> _ASSIGNED TASK_
From the line containing "Сазонов: будем ли" to the last line of the listing, transcribe exactly and add nothing else; keep both ends and omit pictures.
-------- MATERIAL PROVIDED --------
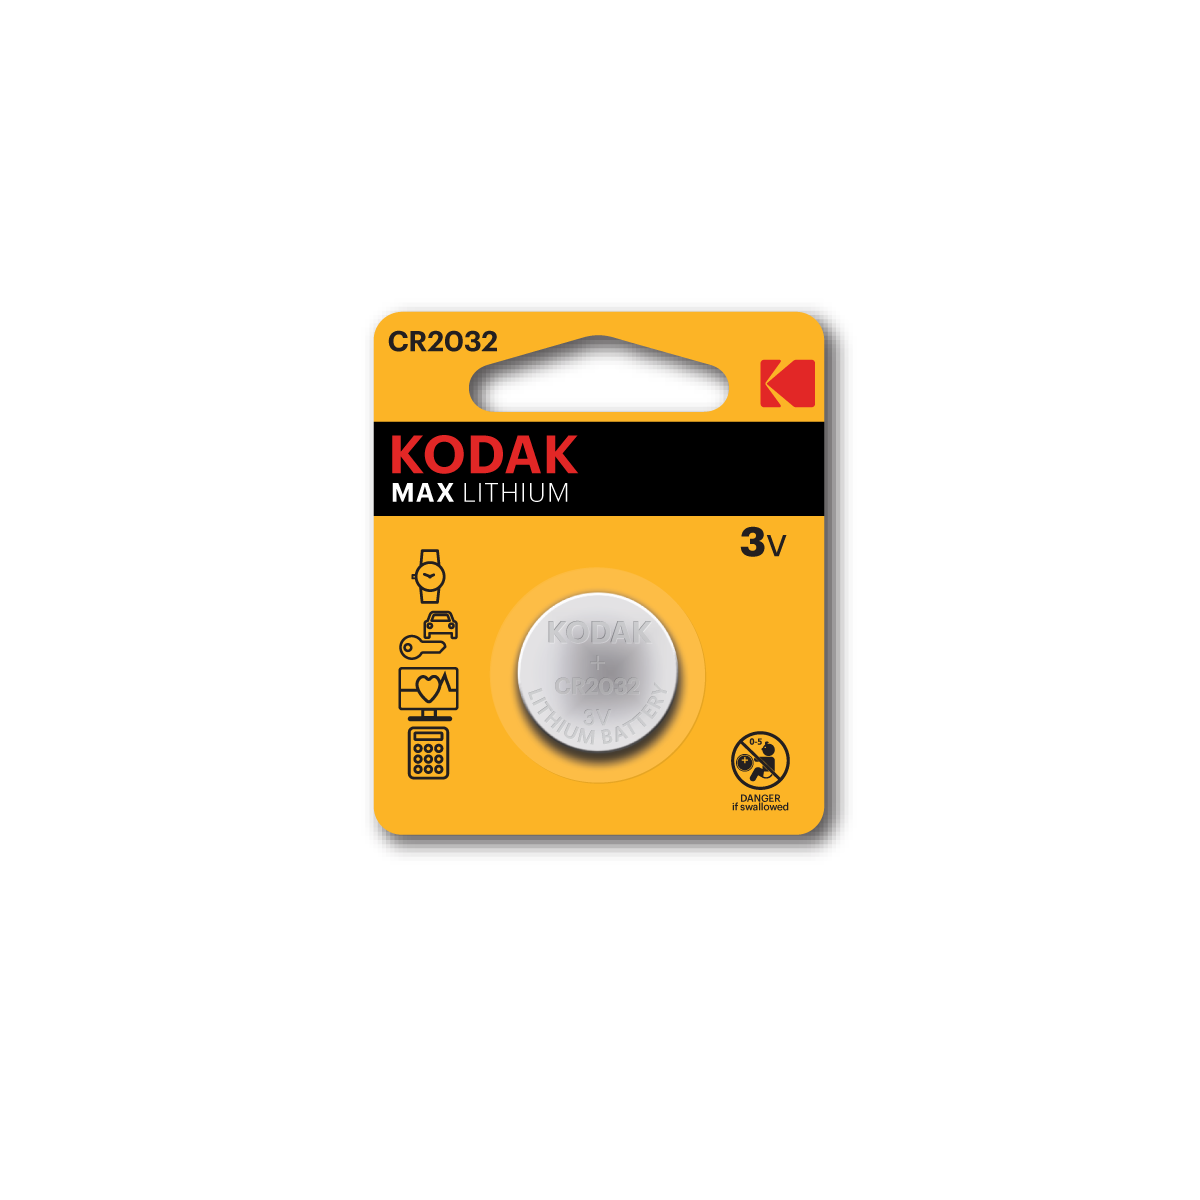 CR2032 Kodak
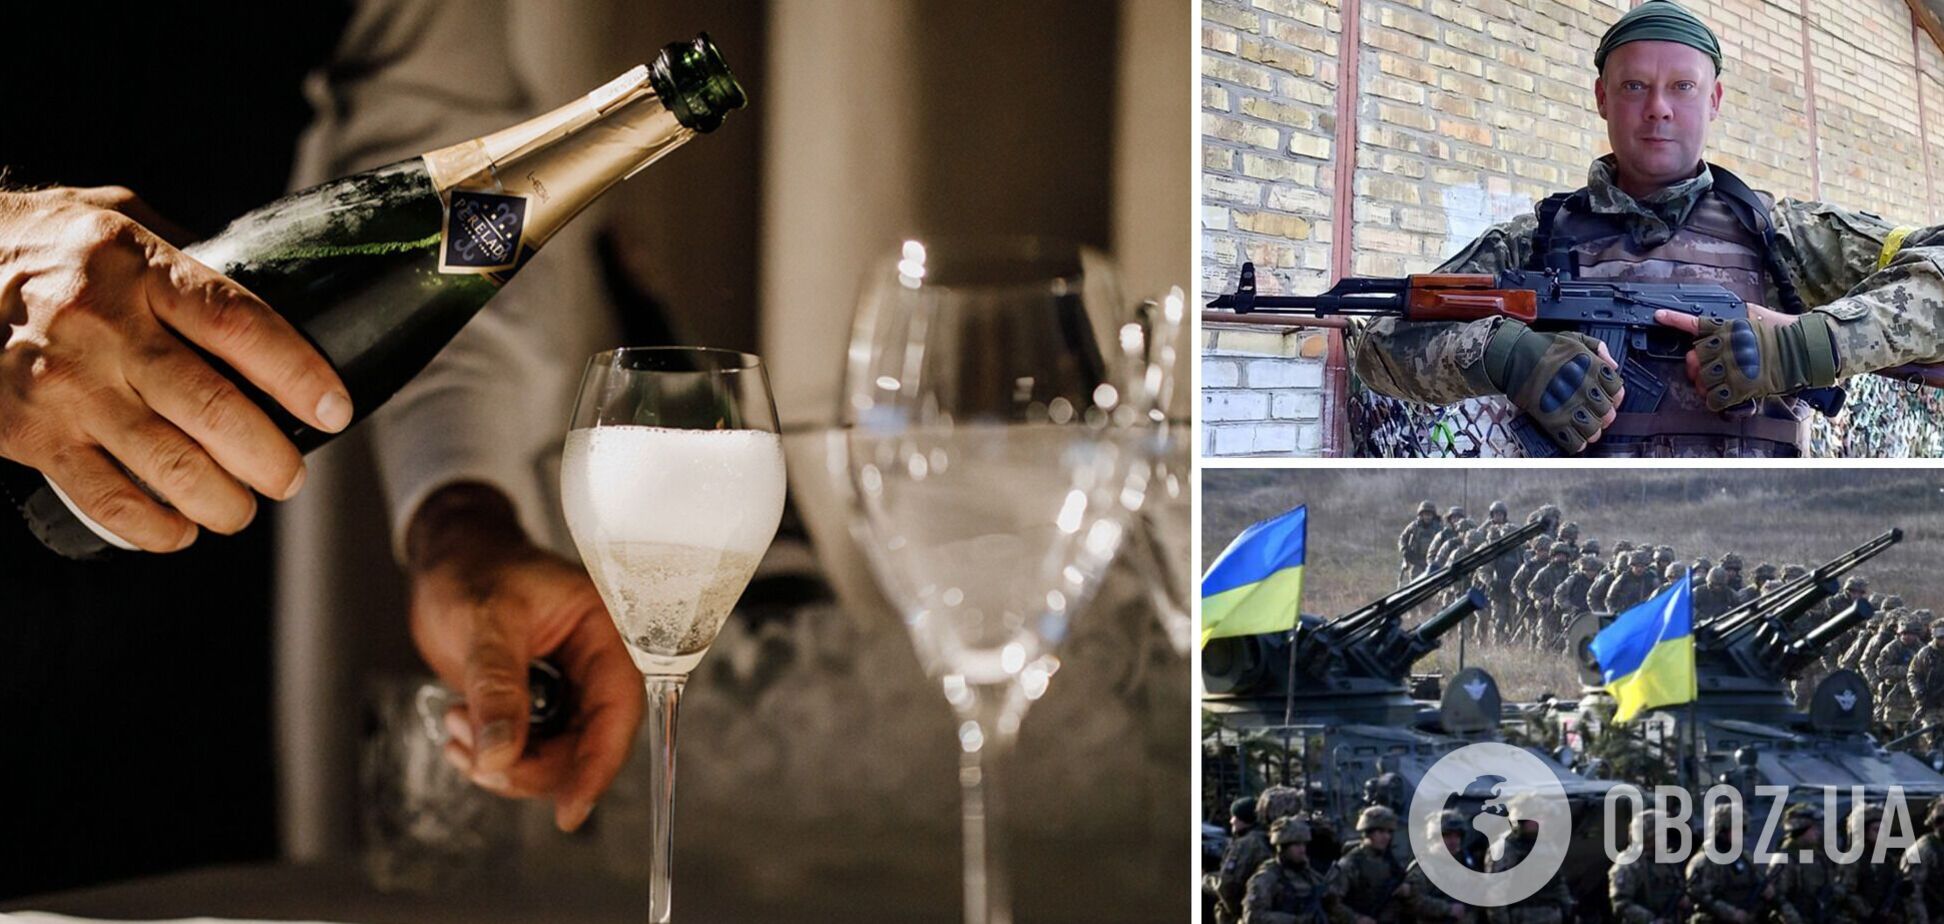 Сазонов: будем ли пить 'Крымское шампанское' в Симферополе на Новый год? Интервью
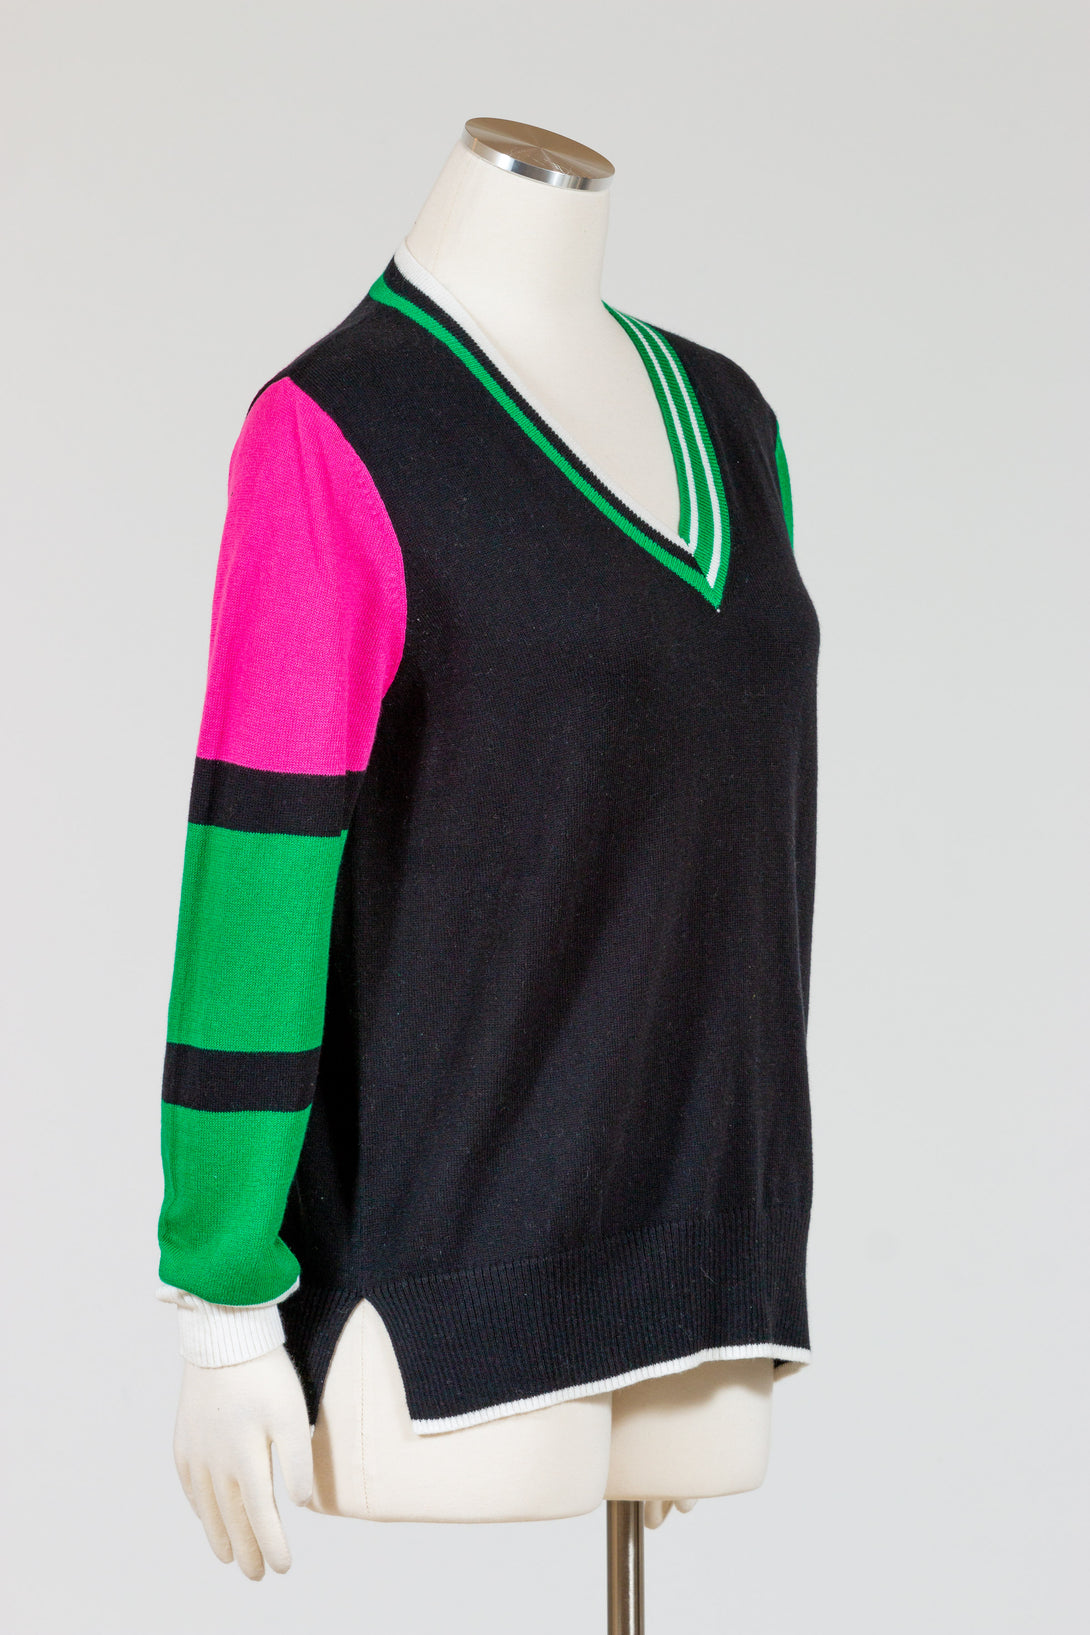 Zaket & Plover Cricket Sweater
--------
> _SOLUTION FOR THIS PROBLEM_
 Сазонов: будем ли пить 'Крымское шампанское' в Симферополе на Новый год? Интервью
 Zaket & Plover Cricket Sweater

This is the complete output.